Passenger trains have run late since time immaterial, for any number of unpreventable reasons.
The problem we have now, besides Amtrak causing its own delays via mechanical and crew shortage shenanigans, is that some railroads have drastically reduced their physical plant in order to stay alive.
Good examples of double track routes out of Chicago since reduced to single track CTC include the MILW, IC(G), and GM&O.
At least the tradition of good passenger service on the MILW manages to persist thanks to the duality of Chicago and Milwaukee - the double track stays alive up here all the way up to milepost 104, as opposed to on the Carbondale and St Louis lines where it once quit before MP 40.
It was claimed back in the bad times that a single track CTC railroad could handle roughly 75% of the traffic a double-track ABS railroad could. It was an easy selling point by the signalling companies and installation contractors - RR traffic was down, and there was big money to be made for them if they could successfully sell the proposal.
Even in spite of contractual and managerial differences, most RR's do generally run Amtrak as best as they can.

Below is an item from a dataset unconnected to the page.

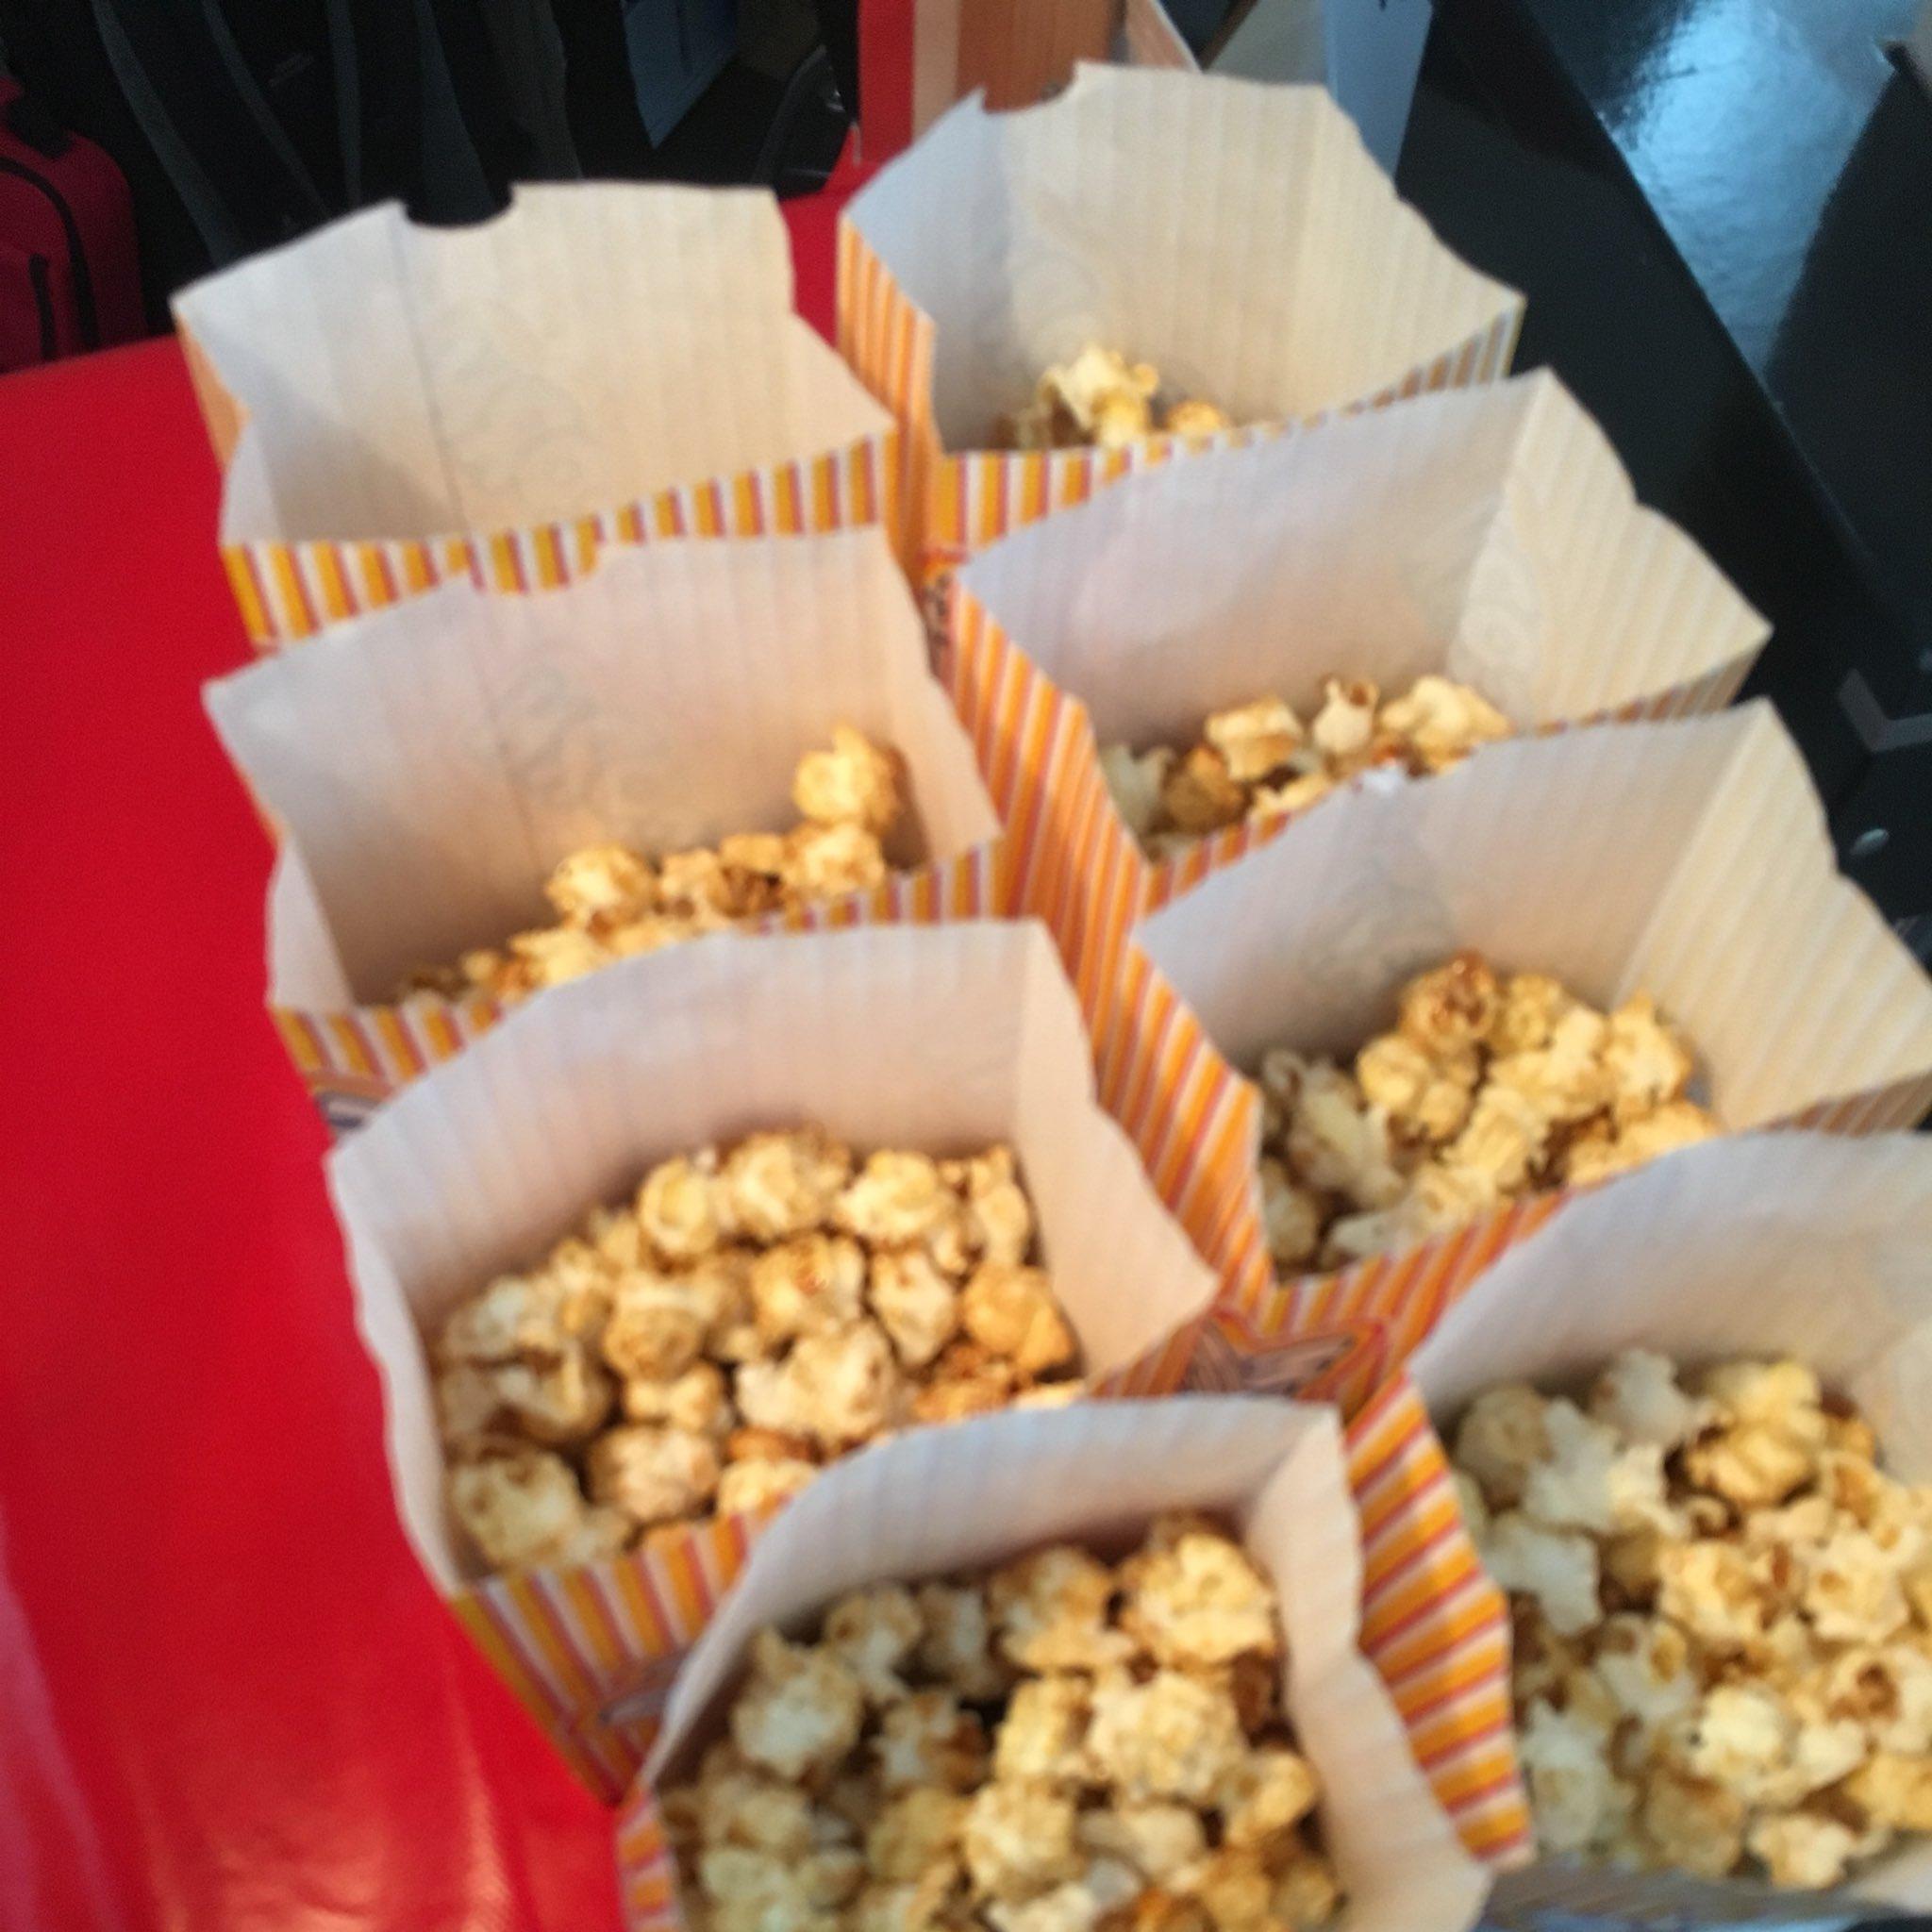 Die Leute beschweren sich: Auf der #wmdemv gibt es nur süßes Popcorn, kein salziges. https://t.co/ndnfnYJhec

The problem is that the physical plant doesn't exist to get Amtrak around even their normal volumes of freight - not to mention periods of exceptional volume.

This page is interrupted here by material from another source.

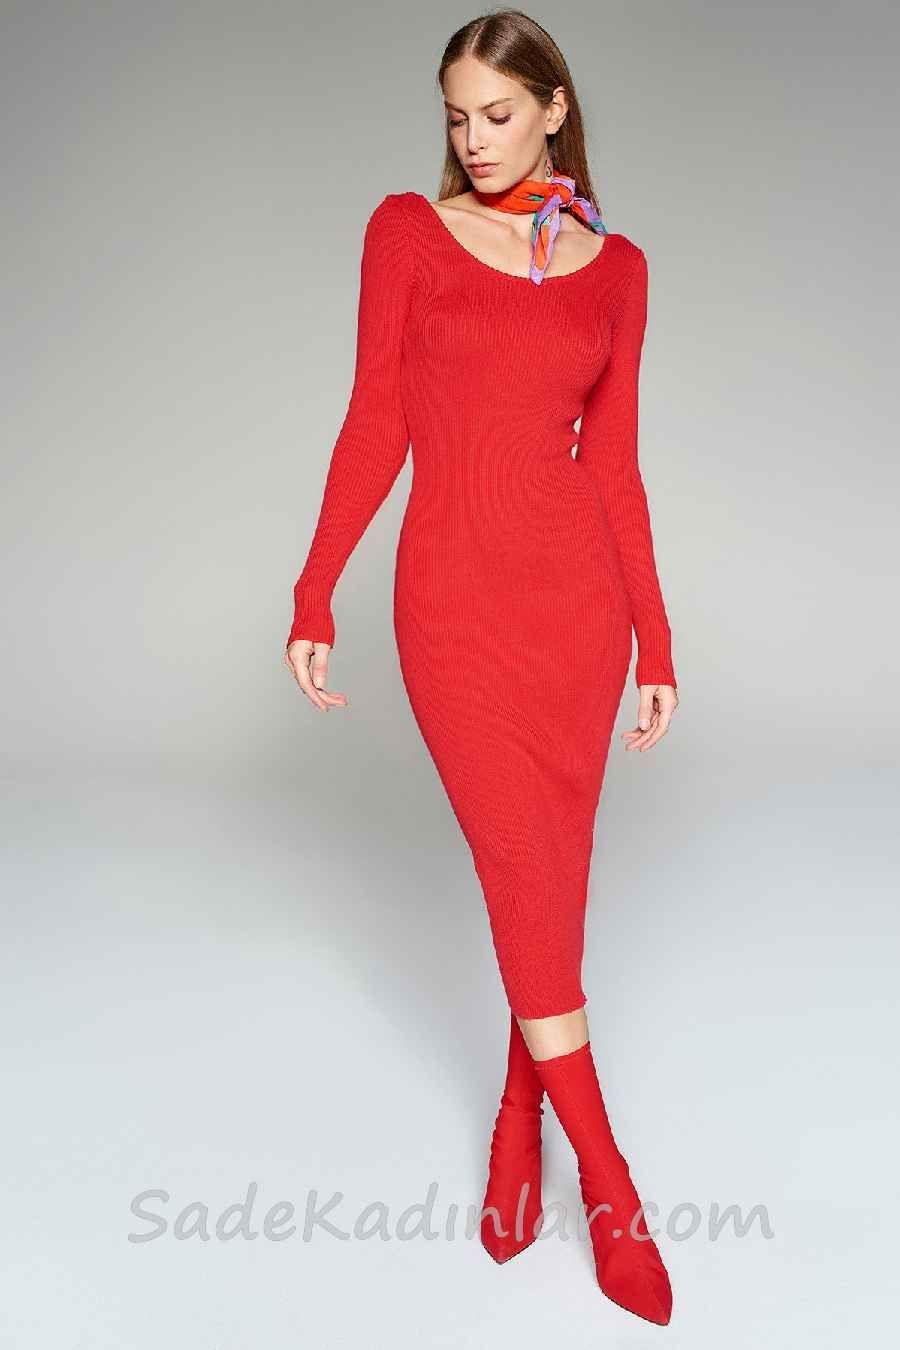 2021 Kislik Elbise Kombinleri Kirmizi Uzun Genis Yuvarlak Yaka Uzun Kollu Elbise Kazak Elbise Elbise Modelleri

I'm not laying blame on the old RR's for cutting down trackage - they needed to do it to survive - but heck if that still doesn't remain the biggest dent in passenger train timekeeping today.

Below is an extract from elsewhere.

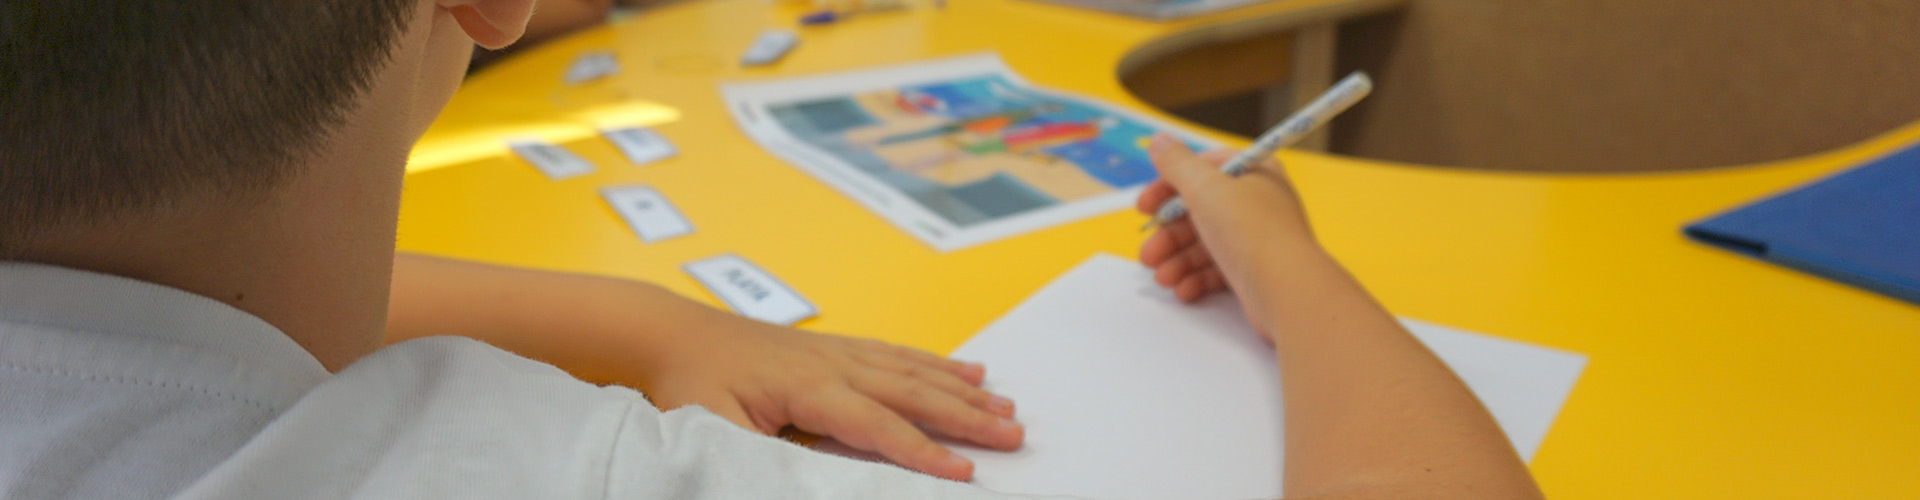 Dificultades-aprendizaje-Desarrollo-y-familia-FSI

(I'll mostly exempt some of the big western long-haul routes, as they never were anything more than single track, and a pax delay 80 years ago on their road still would mean the same pax delay today.)
I feel that there was a failure of the public sector, during the 80s and 90s, to recognize a problem, and to step in and directly help keep up that double track mainline over which so much public commerce traversed.